Evan Trine’s photographic practice presents new perspectives on the familiar. Though formally varied, his projects frequently manipulate the roles of individual elements so that the formal, conceptual and technical aspects of photography are transferred, or translocated to the final object. By eschewing traditional darkroom chemistry for digital processes, his work is directly linked to the software and digital tools used to create it.
Trine’s methodology broadens his interest in aspects of process, language, and materiality, regularly incorporating the use of common references as source material to investigate object relations. Content, ranging from old family photographs, newspaper headlines, portraits of friends, and images of secondrate paintings – are manipulated by computer to create the most condensed, simplified, essential version of that visual data.

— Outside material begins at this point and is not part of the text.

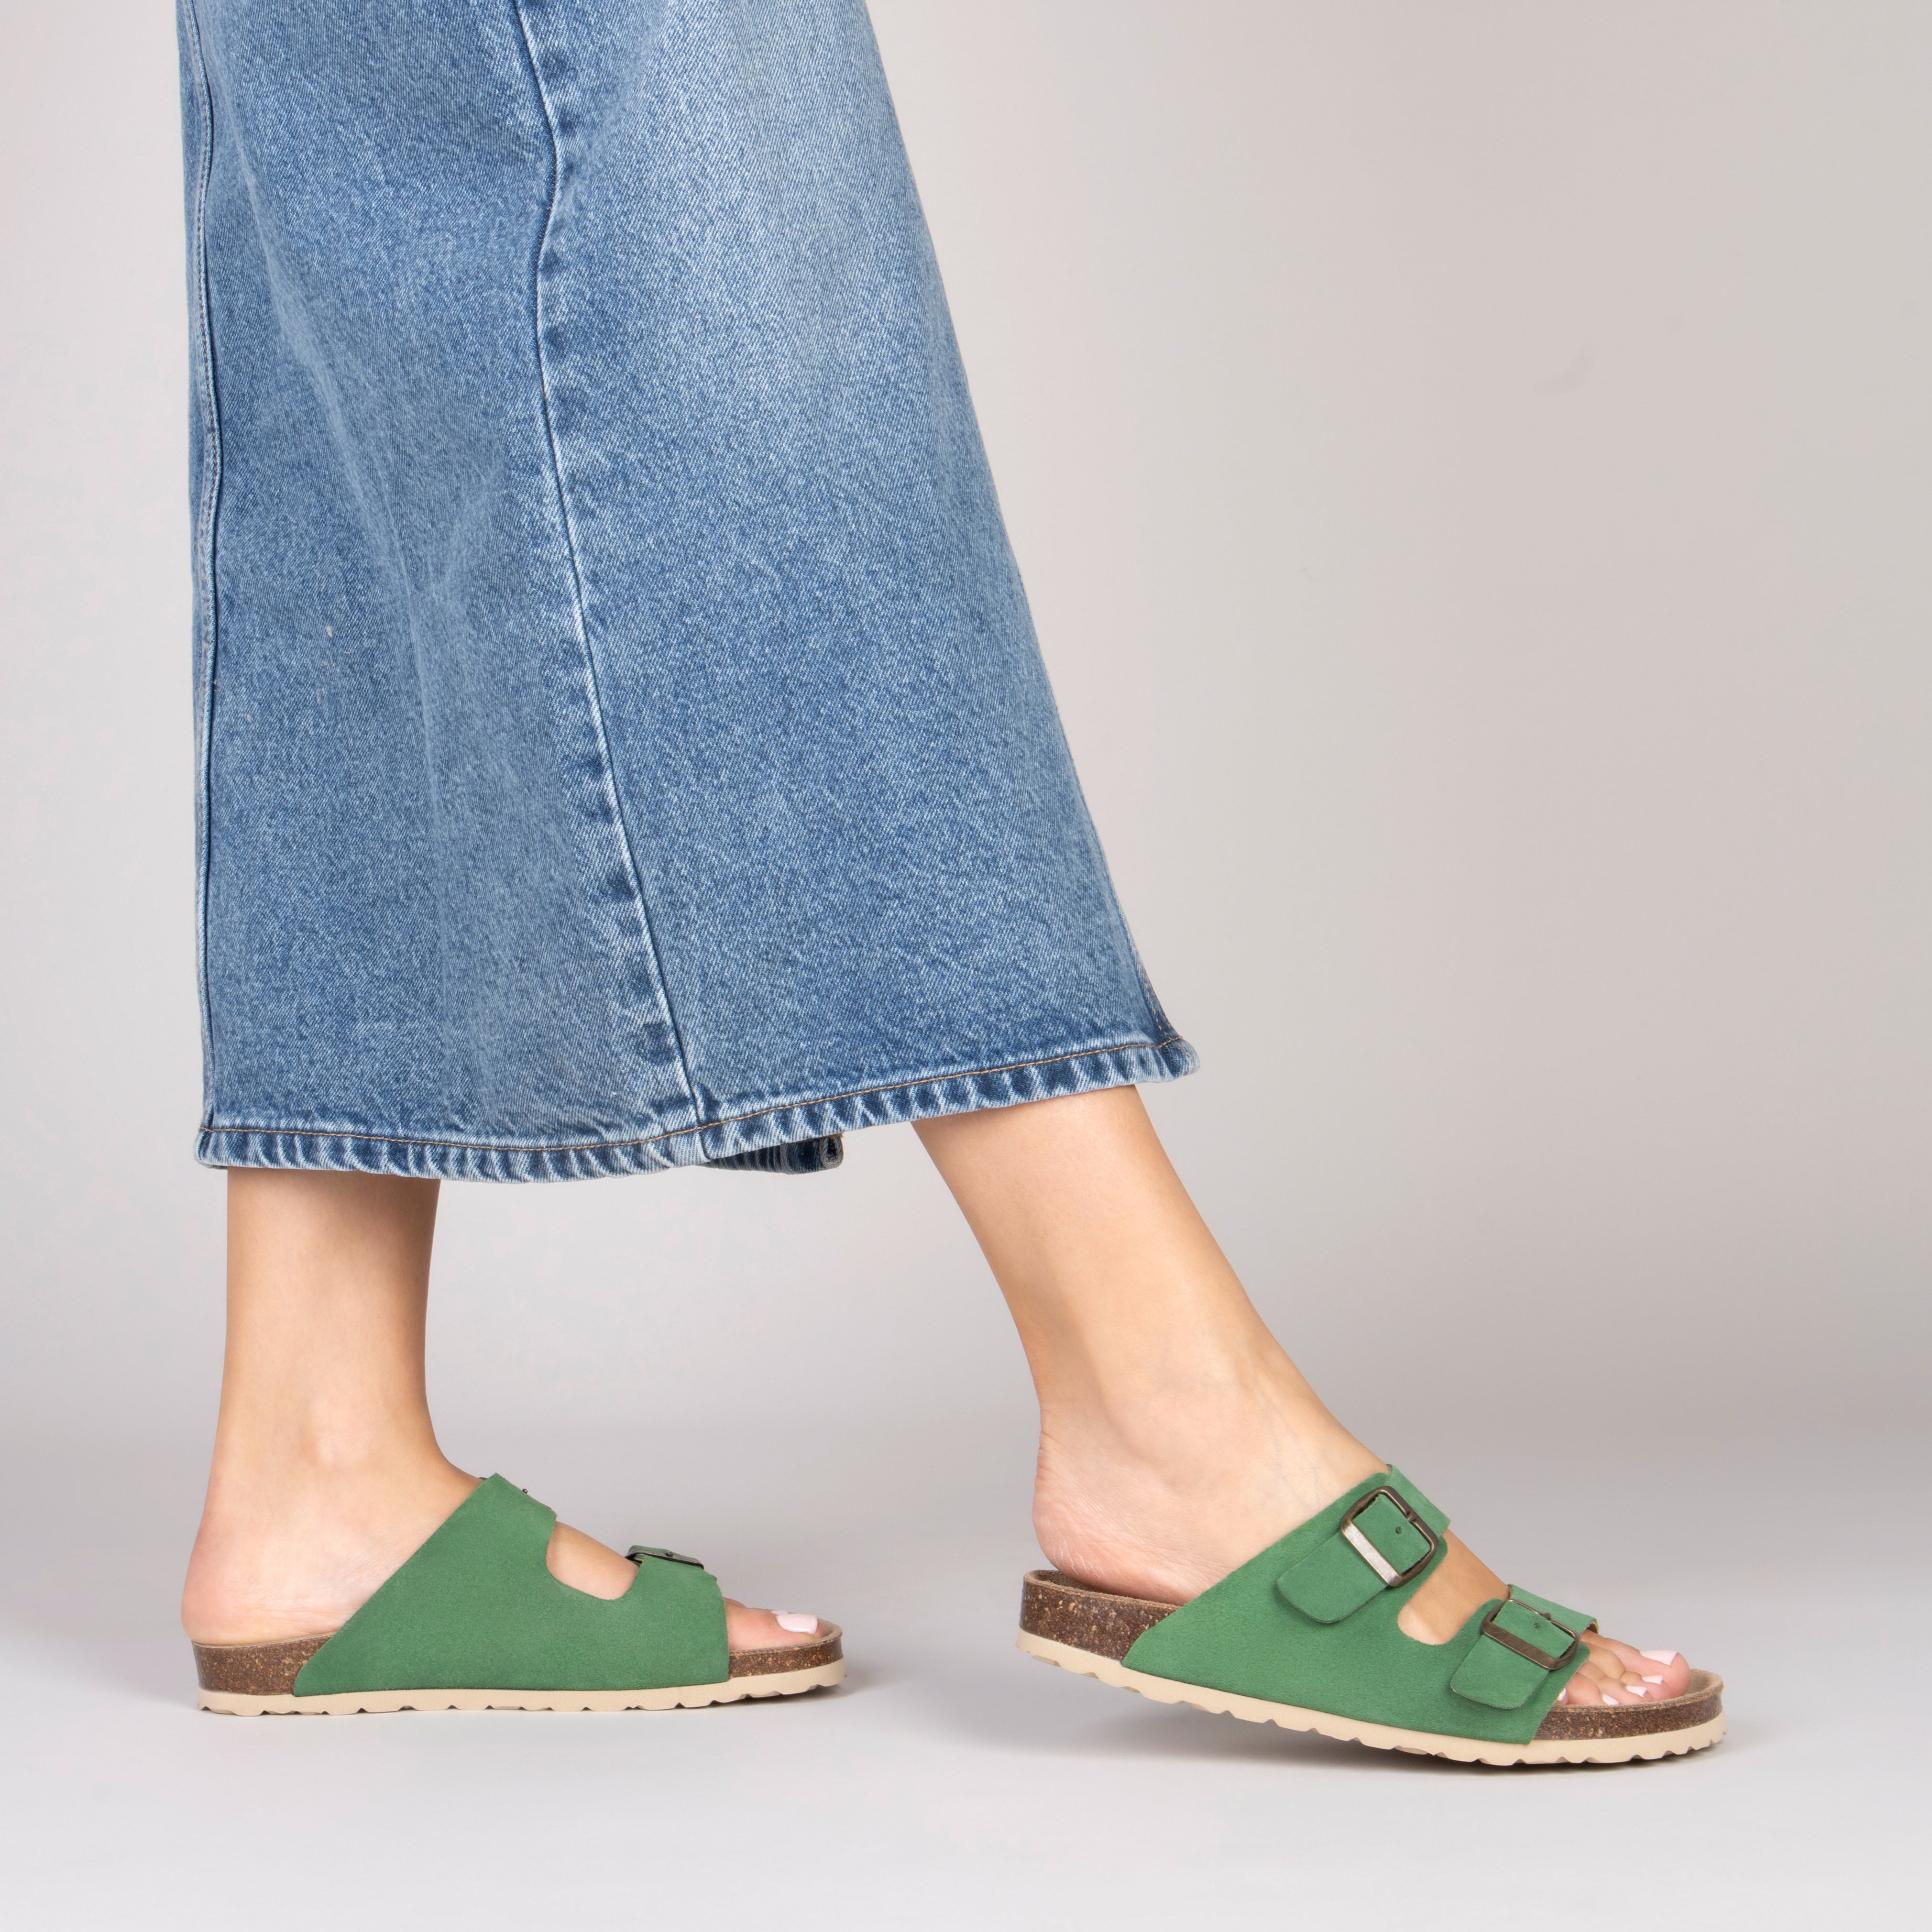 BORA - GREEN Flat sandal with double buckle

Trine’s series of color grids conceptually explores this translation of information, where the artist takes traditionally ‘understandable’ imagery and then transforms it to different configurations; the end result is an image paradoxically being a complete representation while divulging nothing of the referent. The Headline pieces parallel the ideas driving the color grid works; that is, reformatting groupings of data to create a formal abstraction. However, instead of taking imagery and reading it as information - reformatting and presenting that data - Trine uses text as the work’s referential source.
While Individually selected for their phenomenological impact, all works are derived from news sources. The end result is a contemporary snapshot, or visual newsstand, of popular news articles and images over a period of twelve months.
Despite the possibility of identical reproducibility, each image remains a unique piece; digitally printed, mounted on aluminum, framed in maple.